Another example is user 6:
- User 6 is friends with user 1.
- User 1 only liked page 88, but user 6 already liked it. Hence, user 6 has no recommendations.
You can recommend pages for users 2, 3, 4, and 5 using a similar process.

Solution

Method 1 – SQL Join and GroupBy

Intuition

The key idea is to find, for each user, the pages liked by their friends but not by themselves. We count how many friends liked each such page.
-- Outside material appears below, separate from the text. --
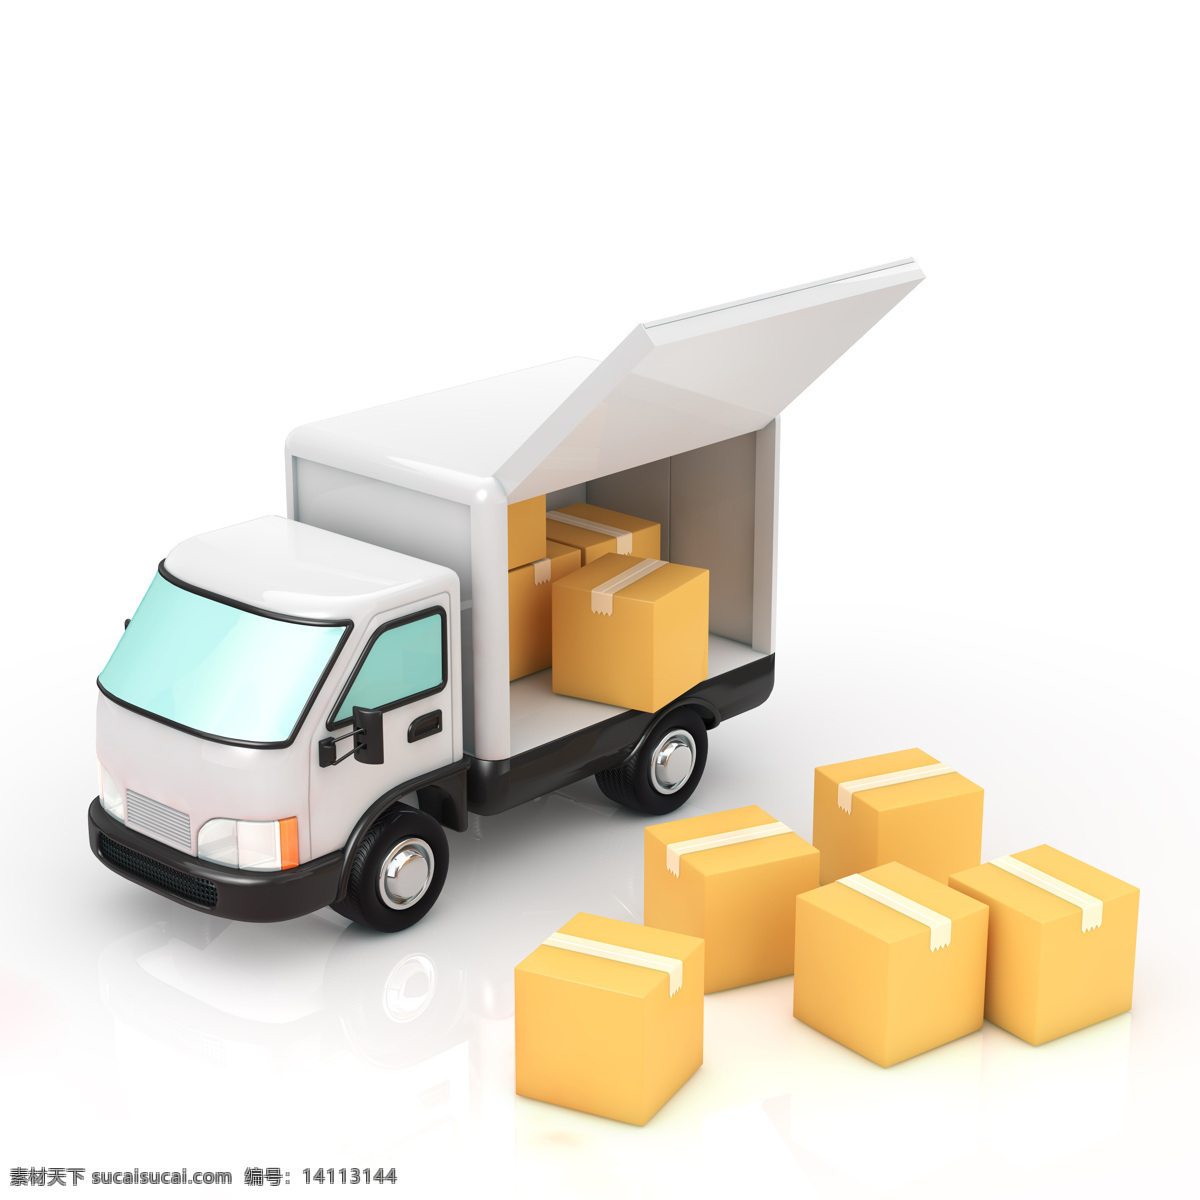 送货 汽车 货车 卡车 箱子 纸箱 交通工具 汽车图片 现代科技

This can be done by joining the friendship and likes tables, then filtering out pages already liked by the user.

Approach

  1. For each user, find all their friends (friendship is bidirectional).
  2. For each friend, get the pages they like.
  3. Exclude pages already liked by the user.
  4. Group by user and page, and count the number of friends who liked each page.

Code

 1
 2
 3
 4
 5
 6
 7
 8
 9
10
11
12
13
14
15
16
SELECT
  u.user_id,
  l.page_id,
  COUNT(DISTINCT l.user_id) AS friends_likes
FROM
  (
    SELECT user1_id AS user_id, user2_id AS friend_id FROM Friendship
    UNION ALL
    SELECT user2_id AS user_id, user1_id AS friend_id FROM Friendship
  ) u
  JOIN Likes l ON u.friend_id = l.user_id
  LEFT JOIN Likes self_likes ON u.user_id = self_likes.user_id AND l.page_id = self_likes.page_id
WHERE
  self_likes.user_id IS NULL
GROUP BY
  u.user_id, l.page_id;
 1
 2
 3
 4
 5
 6
 7
 8
 9
10
11
12
13
SELECT
  u.user_id,
  l.page_id,
  COUNT(DISTINCT l.user_id) AS friends_likes
FROM (
  SELECT user1_id AS user_id, user2_id AS friend_id FROM Friendship
  UNION ALL
  SELECT user2_id AS user_id, user1_id AS friend_id FROM Friendship
) u
JOIN Likes l ON u.friend_id = l.user_id
LEFT JOIN Likes self_likes ON u.user_id = self_likes.user_id AND l.page_id = self_likes.page_id
WHERE self_likes.user_id IS NULL
GROUP BY u.user_id, l.page_id;
 1
 2
 3
 4
 5
 6
 7
 8
 9
10
11
12
13
14
15
class Solution:
    def page_recommendations(self, friendship: 'pd.DataFrame', likes: 'pd.DataFrame') -> 'pd.DataFrame':
        # Build bidirectional friendship
        f1 = friendship.rename(columns={'user1_id': 'user_id', 'user2_id': 'friend_id'})
        f2 = friendship.rename(columns={'user2_id': 'user_id', 'user1_id': 'friend_id'})
        friends = pd.concat([f1, f2], ignore_index=True)
        # Merge friends with likes
        merged = friends.merge(likes, left_on='friend_id', right_on='user_id')
        # Exclude pages already liked by the user
        self_likes = likes.rename(columns={'user_id': 'user_id', 'page_id': 'page_id'})
        merged = merged.merge(self_likes, how='left', left_on=['user_id', 'page_id'], right_on=['user_id', 'page_id'], indicator=True)
        merged = merged[merged['_merge'] == 'left_only']
        # Count friends_likes
        ans = merged.groupby(['user_id', 'page_id']).agg(friends_likes=('friend_id', 'nunique')).reset_index()
        return ans

Complexity

  • ⏰ Time complexity: O(F + L + N log N) where F is the number of friendships, L is the number of likes, and N is the number of users. Each join and groupby operation is linearithmic in the number of rows.
  • 🧺 Space complexity: O(F + L + R) where R is the number of recommendations output. We need space for the expanded friendship pairs, intermediate joins, and the result.